Mes deux amoureuses vendaient, vendaient vendaient. Enfin non, pas exactement. Pendant que la grande vendait, la petite achetait, elle achetait un peu partout, elle dilapidait son petit patrimoine de petite épargnante qui n’a pas assez épargné pour tout acheter. Elle a acheté des trousses. C’est fou ça, les trousses. Elle est rentrée à la maison avec tout plein de trousses. Et puis elle a fait le dimanche aussi, et je n’ai pas compris pourquoi, mais elles ont fait le dimanche ensemble, à tenir le stand, à vendre des trousses, à en acheter, et j’ai trouvé ça joli, que le talent et l’envie soient réunis, le temps d’un week-end, au marché des producteurs de choses artisanales et jolies et quelquefois incompréhensibles.  

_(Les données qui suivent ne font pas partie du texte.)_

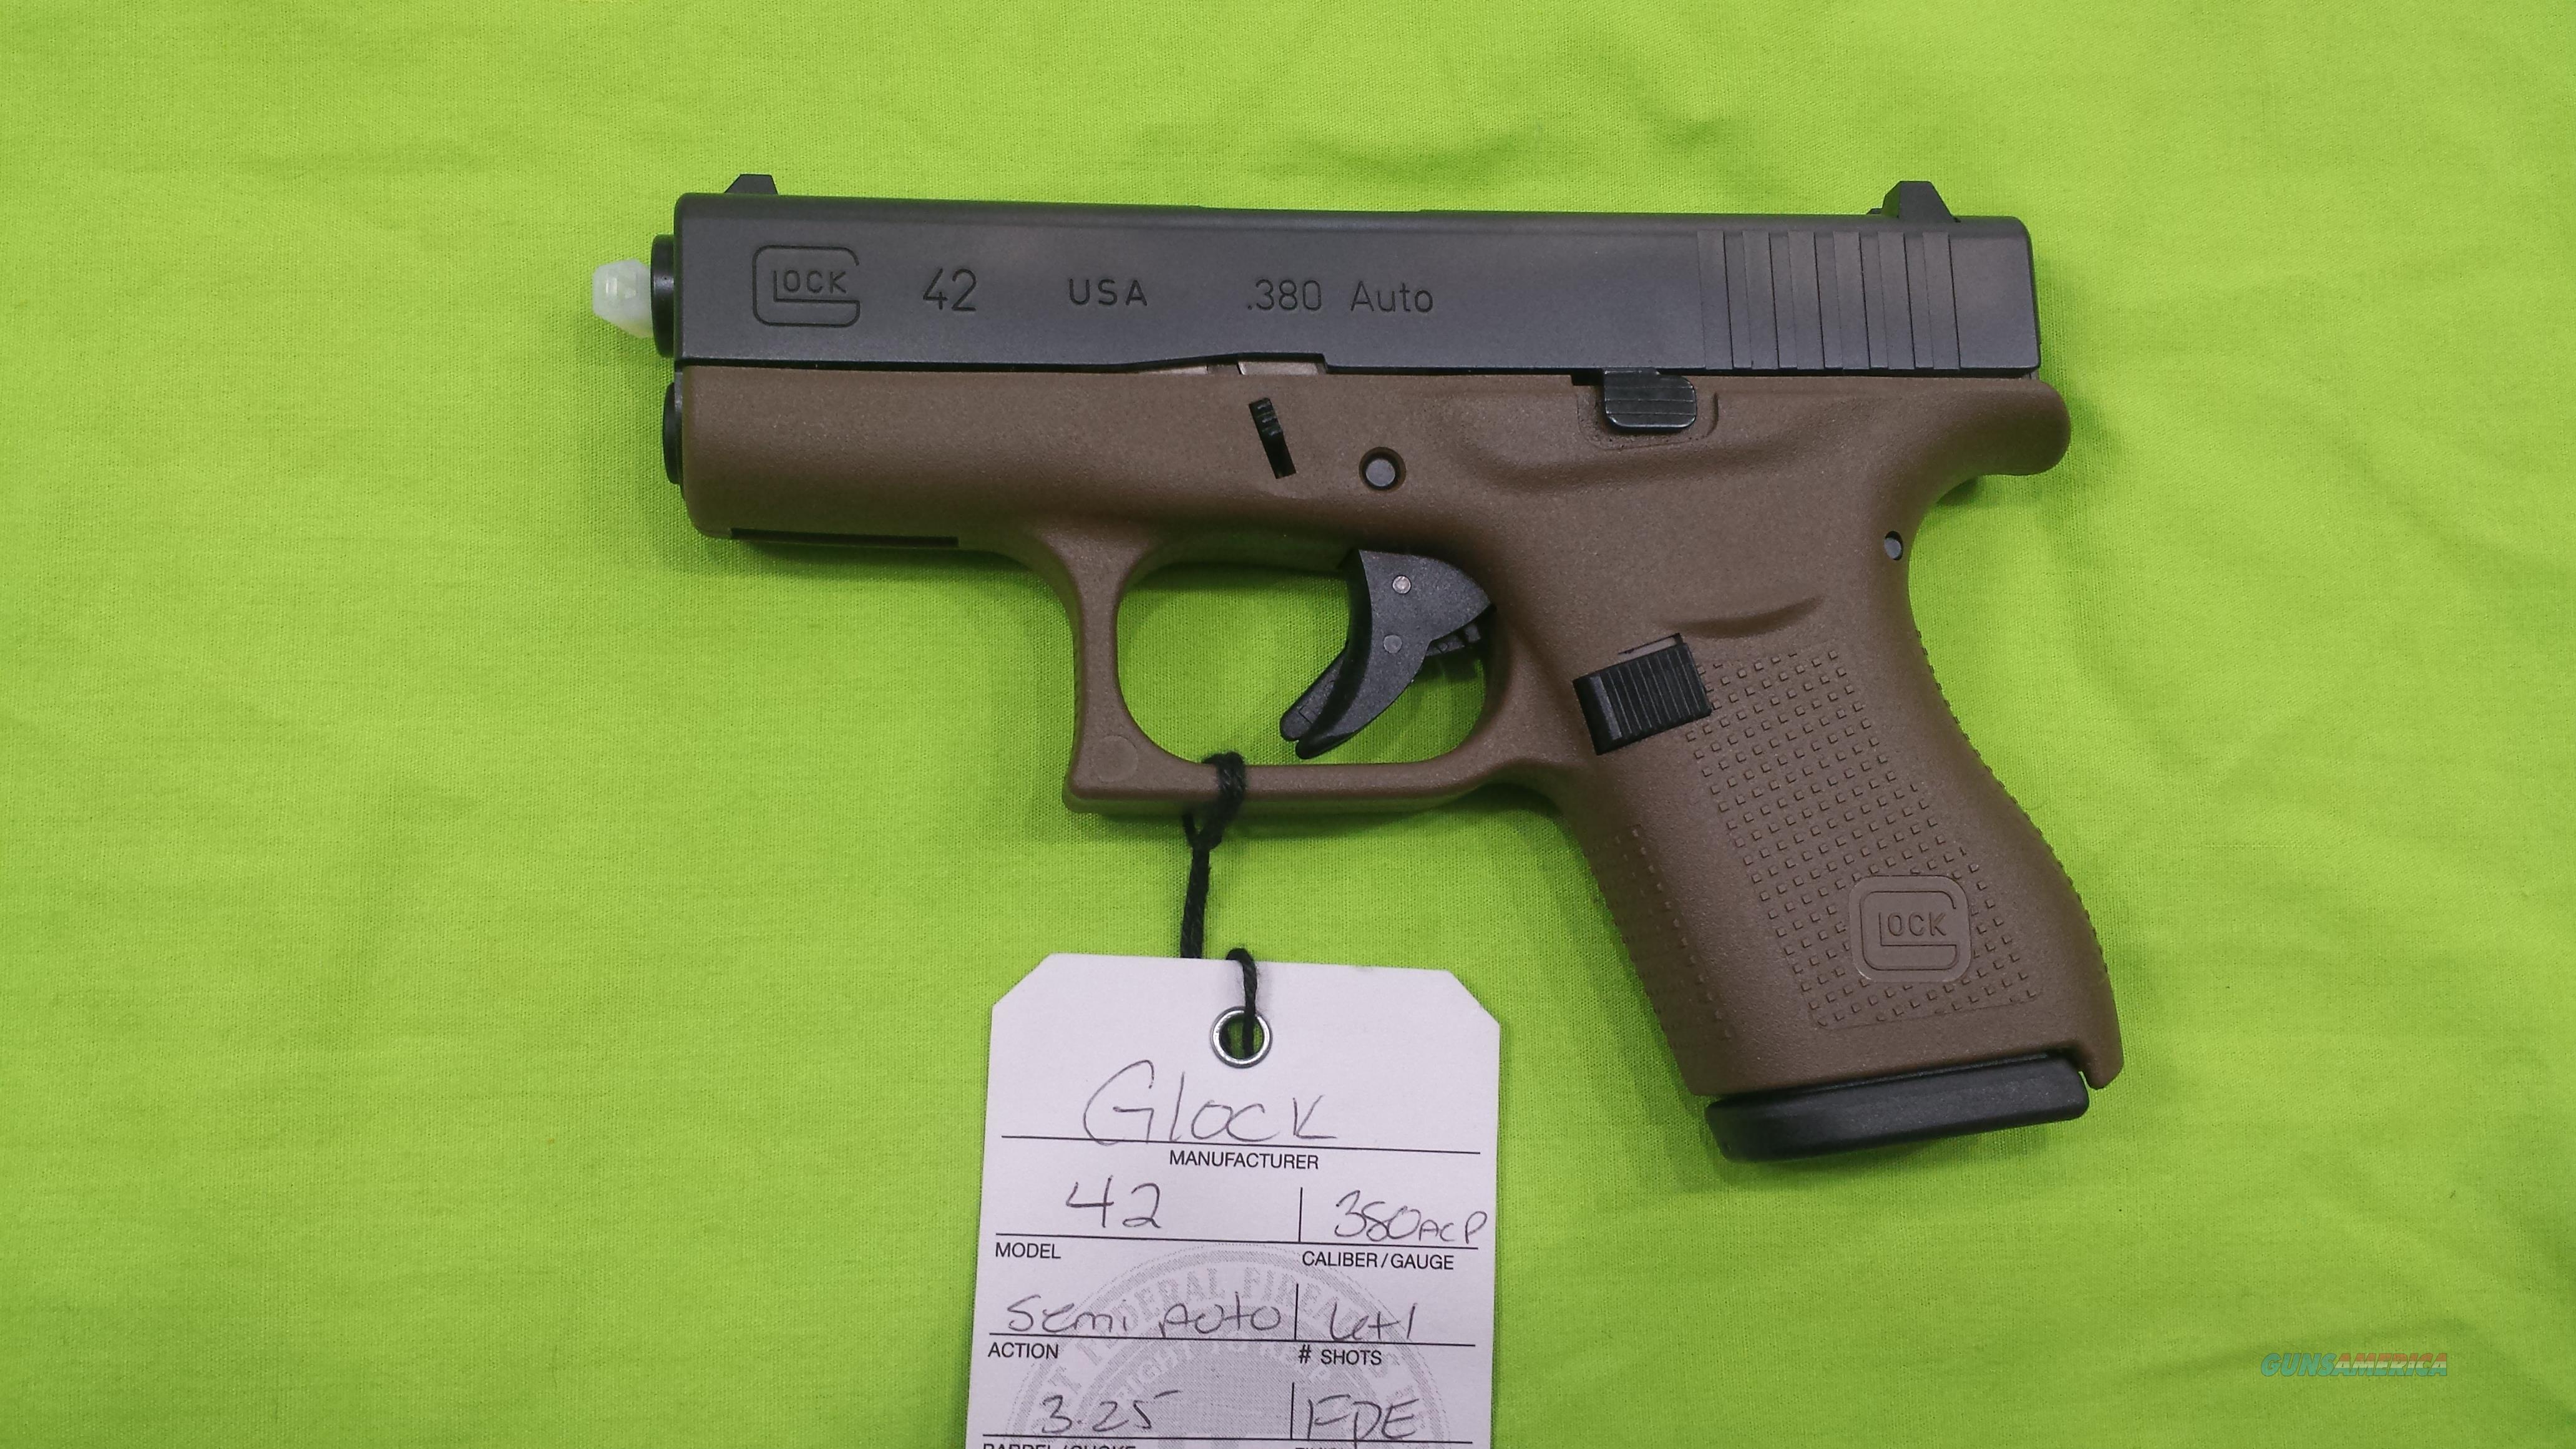 GLOCK 42 .380ACP 380 SUB COMPACT 6RD FDE  Guns > Pistols > Glock Pistols > 42
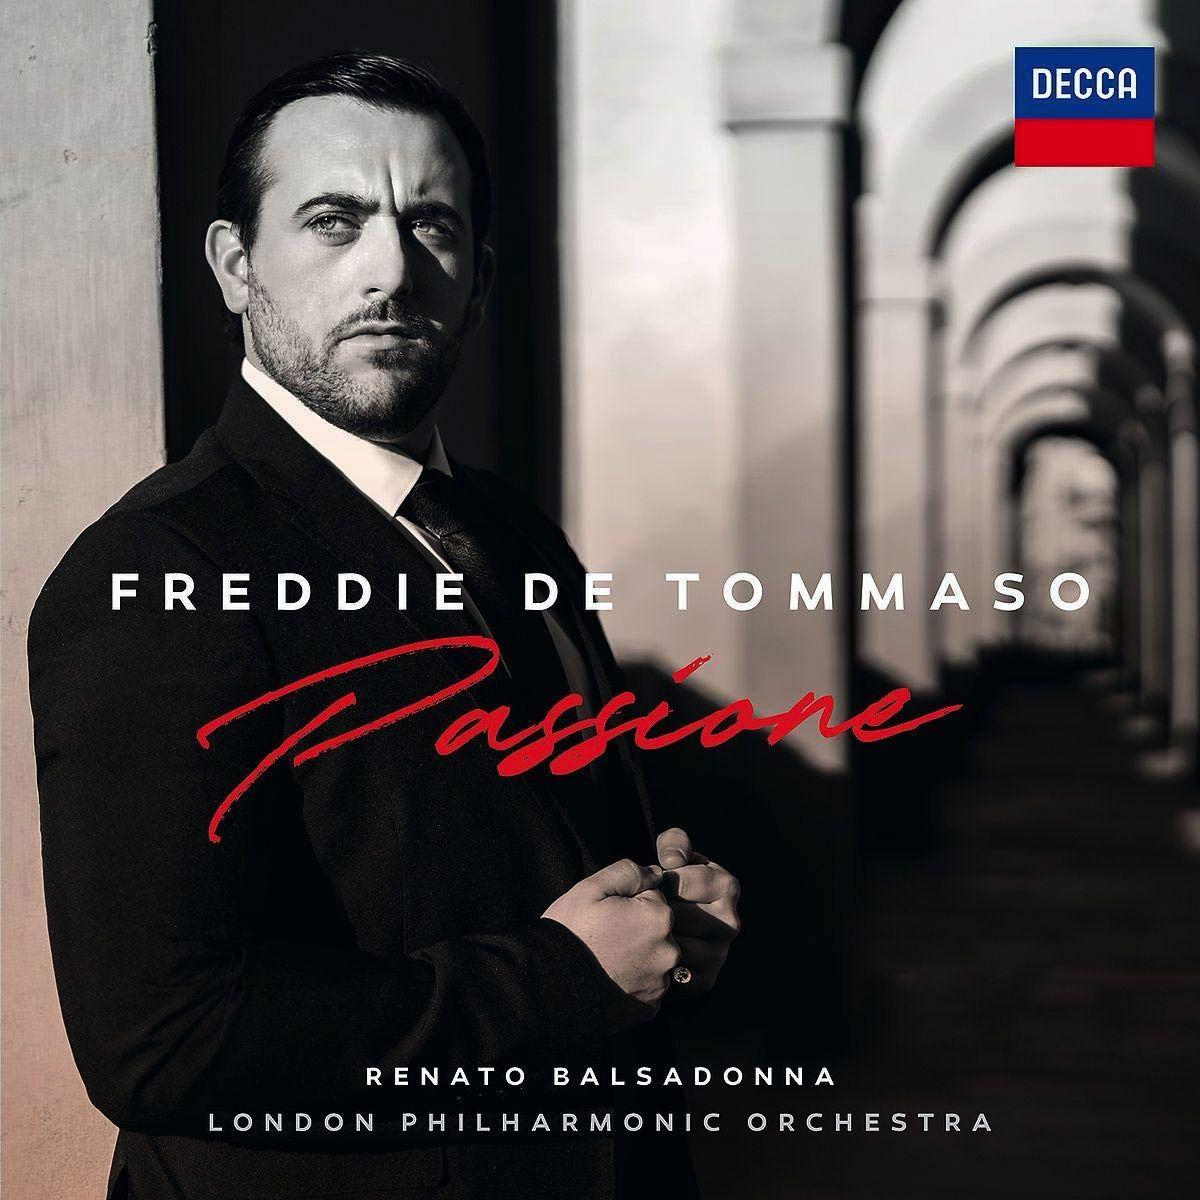 CD-Besprechung, Freddie De Tommaso, Passione  klassik-begeistert.de

Avec mon fils on a fait du piano pendant ce temps-là. J’ai défoncé Chopin. Il a fait du Pamart. Pamart du tout d’ailleurs. Il progresse mon gamin. Il joue Bohemian Rhapsody. Je le vois bien gare de Lyon, enfin bon, gare de Nîmes, pour commencer. Sur le piano tout défoncé de la gare. Il commence, les premiers accords, time after time, son air de rien, commited no crime. Et les gens qui s’amassent, à en louper leur train, de toute façon ils n’avaient pas le pass. Autant écouter mon fils, mais oui, c’est mon fils. Là, au piano. Les trousses, c’est ma compagne. L’argent dilapidé, c’est ma fille. Queen vous est offert par mon fils.

Et moi ? Moi, ben….je regarde. Et j’écoute. Je suis bien.